I wish someone had written this article when I was learning about white balance. Getting good white balance consistently has really been my nemesis throughout my photography journey. I finally have a hold on it, but for real, white balance is the biggest beast to conquer when learning. So, skip my mistakes and fast forward yourself through some frustration as I help you understand white balance.
Color of Light
Light comes in different colors. Morning light, full sun, shade, sunset…all have different wavelengths that emit different colors of warmth or coolness. This affects our photos. Sometimes in a good way…a beautiful sunset for example, and in other times it isn’t quite what we are looking for, like the blue skin from a portrait taken in the shade.

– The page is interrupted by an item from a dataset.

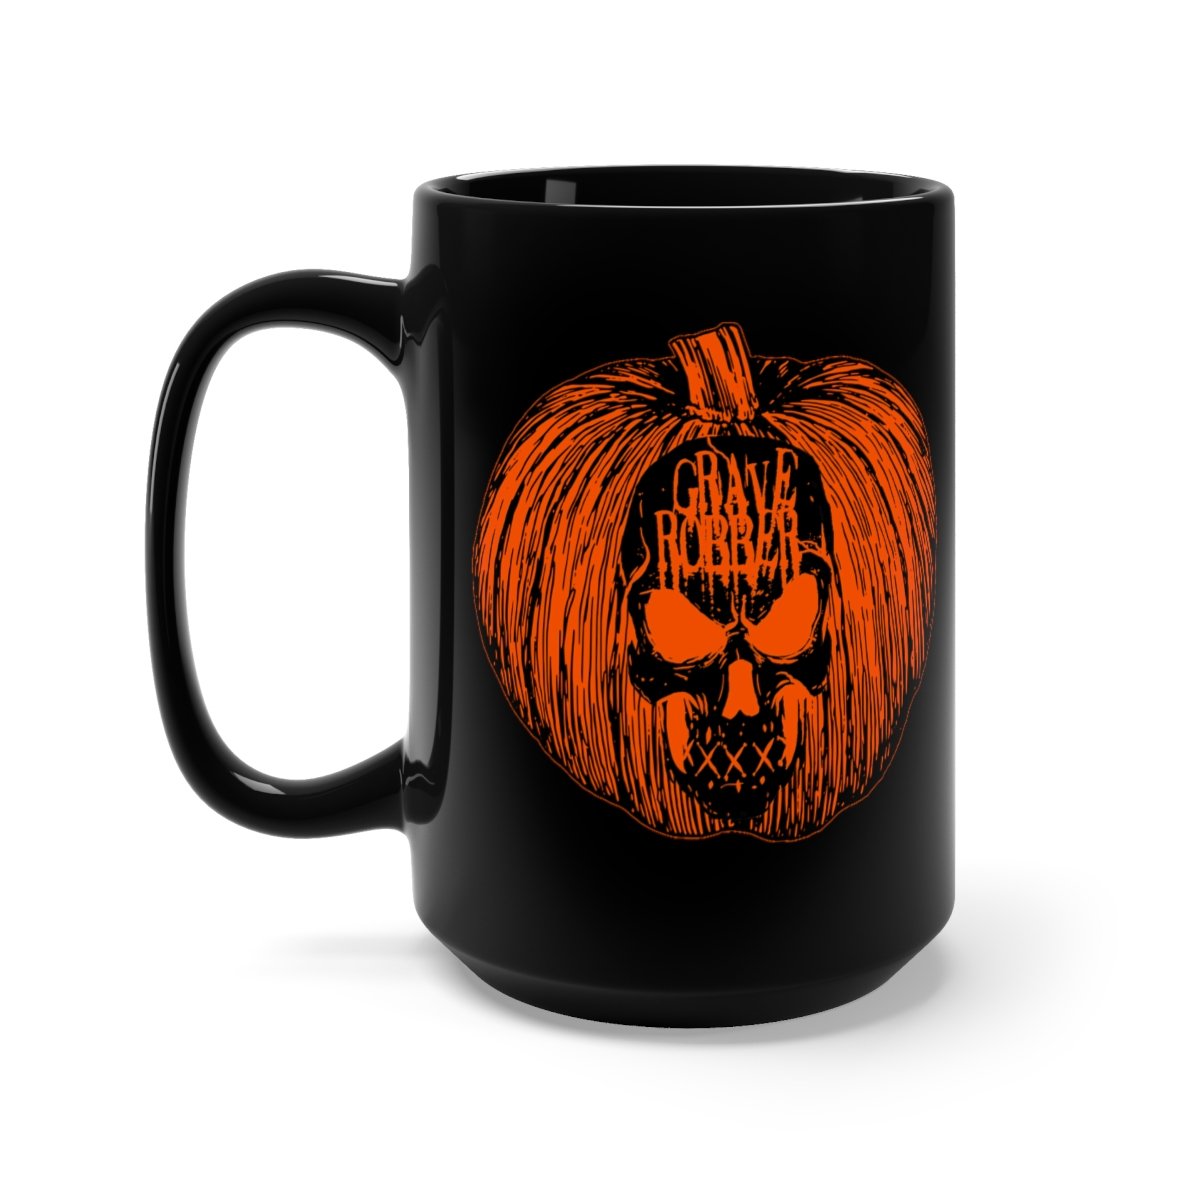 Grave Robber Pumpkin Limited Edition Black Mug 15oz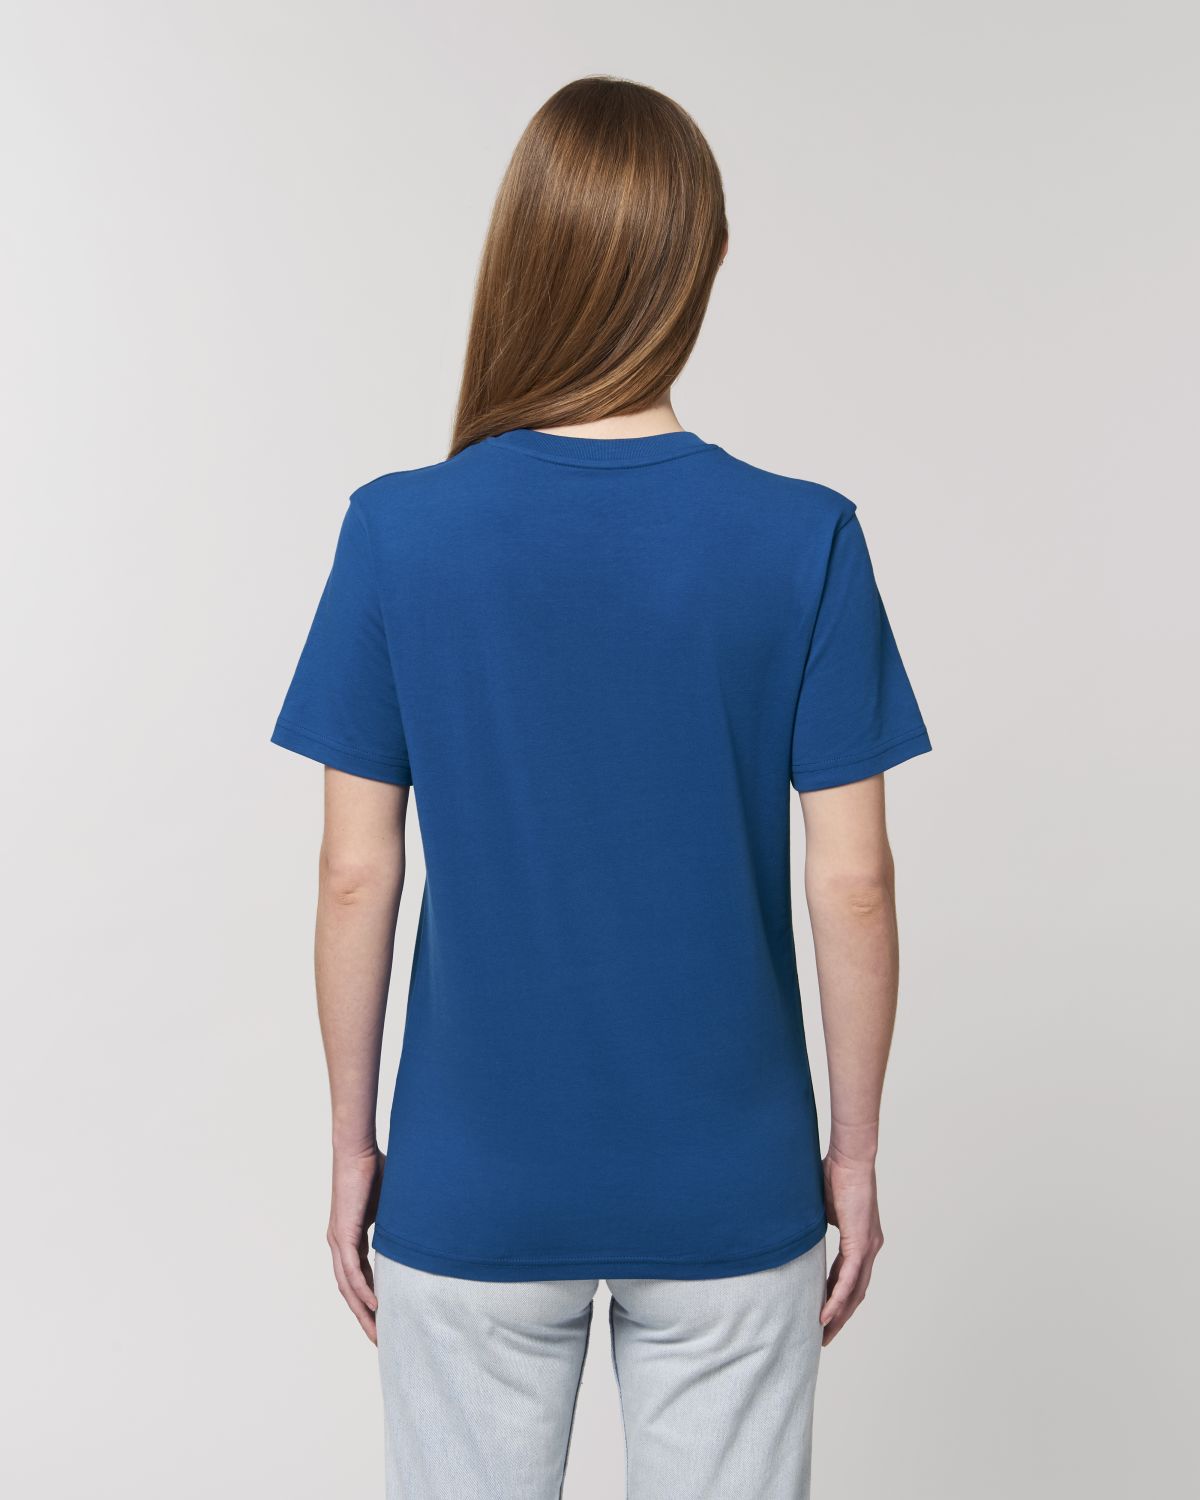 Blaue unsterbliche Frau T-Shirt - DP

For the most part, our brains adjust how we see so that we still see “correctly”. Colors still look pretty much how they are supposed to whether we are hanging out in the shade or not. Cameras don’t have brains to compensate. Auto white balance is it’s best attempt. We can, however, control that luckily. Shooting in manual is about taking control of your camera. And controlling white balance is no different.
There are several ways to adjust for different colors of light in camera.
- Auto White Balance
- Camera Presets
- Custom White Balance
Auto White Balance
This is the camera’s default for white balance. The camera chooses the white balance setting for you. Pretty self explanatory.
Cons: Inaccurate for tricky light settings, can change from photo to photo in one shoot causing a headache in editing, often need changes in post processing.
These are preprogrammed presets that are installed on just about every camera. There are presets for sunny, cloudy, flash, florescent lighting, shade, and incandescent, most likely. The presets are assigned a Kelvin setting for the lighting scenario.
Pros: Fast, easily accessible
Cons: Least accurate, limited profiles, Kelvin values have ranges which the presets don’t take into account.
The color of light is measured in Kelvins (K). On one end of the spectrum is 1500- 2000K which is super orangey yellow like candlelight, and at the other end is 10000K which is a dark blue like night fall in the summer. And then there is everything in between. Natural light is considered daylight, where there isn’t a heavy yellow or blue light cast. When using Kelvin for white balance, first you decide what color of light your are shooting in, then dial in the corresponding number.
Along with everything else photography, this technique takes practice, but soon you’ll learn which settings work best for windowlight, outdoors in open shade, etc. and you’ll only need to make minor changes in post processing.
Pros: No extra tools needed, fast and easy, reproducible
Cons: Some artificial light sources like florescent lighting have a green or magenta tint that Kelvin does not account for, so it can be a little trickier in post processing. Takes practice (like everything else worth learning).
Custom White Balance (CWB)
There are several tools that can be used to set a CWB in camera, the gray card being my favorite. It is easy to do and the most accurate, but not always the quickest option.
- Gray Card
- Expodisc or other lens cap for white balance
- Things you’d use in a pinch (white sheet of paper, sidewalk, etc.)
Pros: Accurate, takes green/magenta into account, can be used in mixed lighting,
Cons: Extra tool needed, some cameras require going into the menu to assign profile
Can you tell which white balance techniques I’m pushing here? I use a combination of Kelvin and CWB when shooting. I have learned the best Kelvin ranges that I like and I use a CWB in tricky lighting scenarios.
Give some of the techniques a whirl! See which options your camera has and try to set your white balance in camera.